The vasodilator effect of PDE5 inhibition on the intact pulmonary vasculature in awake resting swine, was similar in male and female swine. During exercise, a trend towards an increased vasodilator effect of PDE5 inhibition during exercise in male as compared to female swine (P = 0.077), was observed suggesting a more active endogenous PDE5 in male swine. This is consistent with recent post hoc analyses of the PHIRST and SUPER trials (Galie et al. 2005; Mathai et al. 2015), showing that PDE5 inhibition lead to a greater improvement of 6 min walking distance in male as compared to female patients with PAH. Interestingly, PDE5 inhibition had no significant effect on BK‐induced vasodilation of isolated pulmonary arteries from swine of either sex under baseline conditions, but blunted the LNAME‐mediated inhibition of BK vasodilation in pulmonary small arteries from female but not male swine. Similarly, in the presence of NO synthase inhibition, PDE5 inhibition produced a larger vasodilator effect in the intact pulmonary vasculature of female swine as compared to male swine at rest, while this difference was abrogated during exercise. These divergent responses to PDE5 inhibition during control conditions (larger in males during exercise) and during concomitant NO synthase inhibition (larger in females at rest and during BK), in male versus female swine are not readily explained. However, we have previously shown that the sensitivity of the pulmonary vasculature to cGMP is enhanced by NO synthase inhibition (Houweling et al. 2012). This study suggests that an increased sensitivity to cGMP produced by NO synthase inhibition is particularly pronounced in female swine, which might be related to different signaling pathways of NO in female versus male swine (Chan et al. 2012; Wong et al. 2014). The exact mechanisms underlying these divergent responses in male and female swine should be the subject of future studies.

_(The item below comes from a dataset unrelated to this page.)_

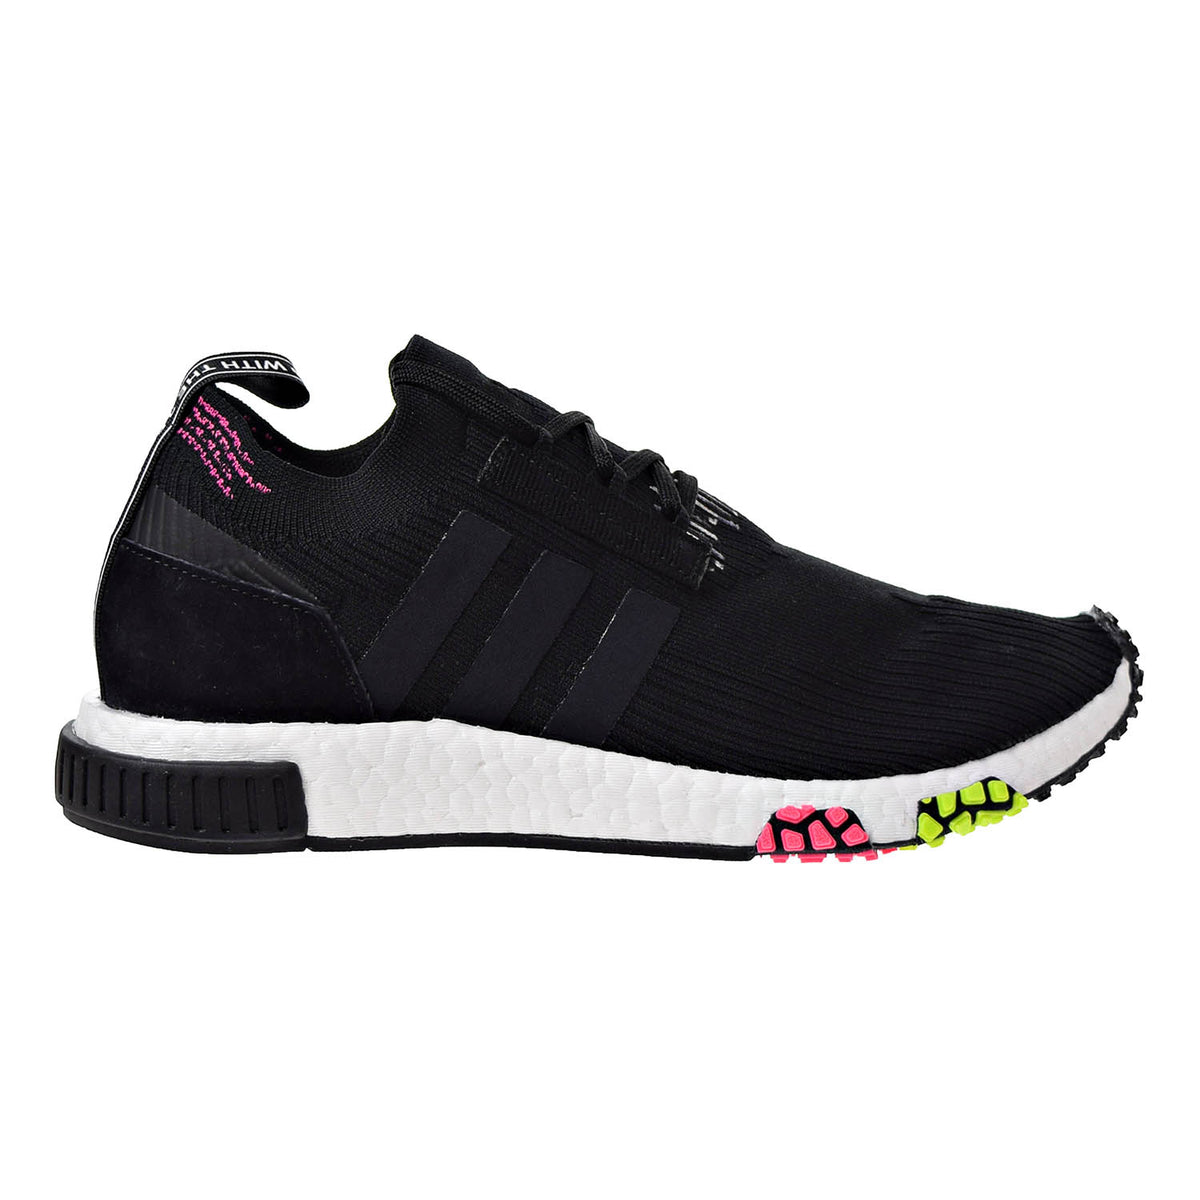 Adidas NMD_Racer Men's Running Shoes Core Black/Core Black/S

Conclusions and clinical implications

In conclusion, the present study demonstrated significant sex differences in the regulation of pulmonary vascular tone. Thus, NO synthase inhibition reduced BK‐induced vasorelaxation to a greater extent in male as compared to female pulmonary small arteries, which is consistent with observations that pulmonary vascular diseases is often more severe in men as compared to women. The increased vasodilator effect of PDE5 inhibition during exercise in male as compared to female swine reflects the sex‐specific heterogeneity in treatment response. Finally, concomitant NO synthase inhibition enhanced the vasodilator responses to PDE5 inhibition at rest and during BK‐induced vasodilation, but only in females, suggesting that loss of endothelial function may not interfere with (males) or even enhance (females) the pulmonary vasodilator responses to PDE5 in patients with pulmonary hypertension. Future studies are required to further investigate the mechanisms underlying these sex‐related differences in pulmonary vascular control mechanisms.

Conflict of Interest

The authors do not have any potential or actual personal, political, or financial interest in the material, information, or techniques described in this paper.